From b3356bf0dbb34980620f2f7def7d1b9a0d325225 Mon Sep 17 00:00:00 2001
From: Gleb Natapov <gleb@redhat.com>
Date: Mon, 3 Sep 2012 15:24:29 +0300
Subject: [PATCH 114/138] KVM: emulator: optimize "rep ins" handling

Optimize "rep ins" by allowing emulator to write back more than one
datum at a time. Introduce new operand type OP_MEM_STR which tells
writeback() that dst contains pointer to an array that should be written
back as opposite to just one data element.

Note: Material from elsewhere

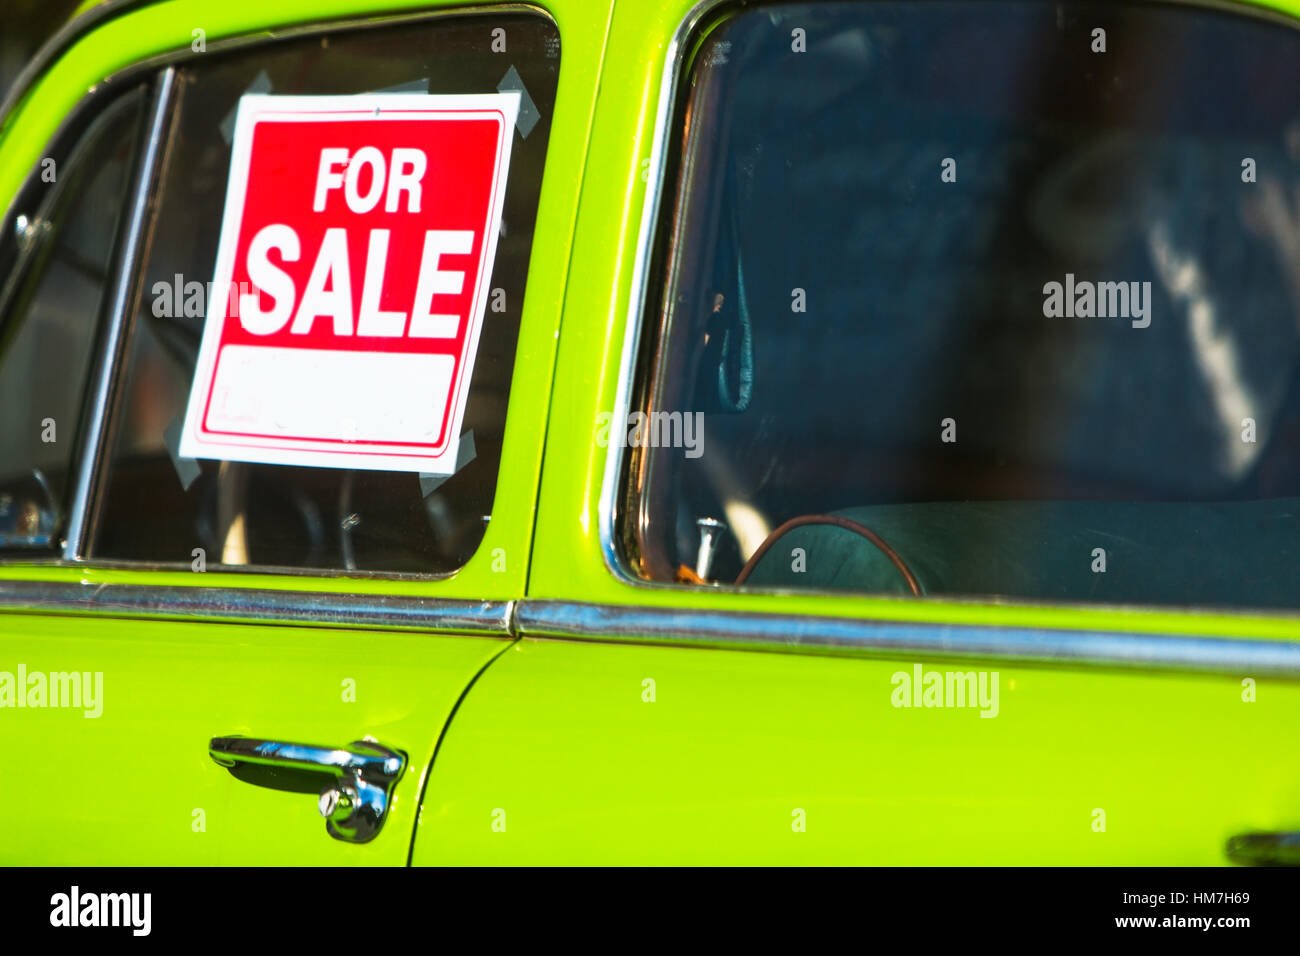 For sale sign on car window Stock Photo

Signed-off-by: Gleb Natapov <gleb@redhat.com>
Signed-off-by: Avi Kivity <avi@redhat.com>
---
 arch/x86/include/asm/kvm_emulate.h |  4 +++-
 arch/x86/kvm/emulate.c             | 33 +++++++++++++++++++++++++-----
 2 files changed, 31 insertions(+), 6 deletions(-)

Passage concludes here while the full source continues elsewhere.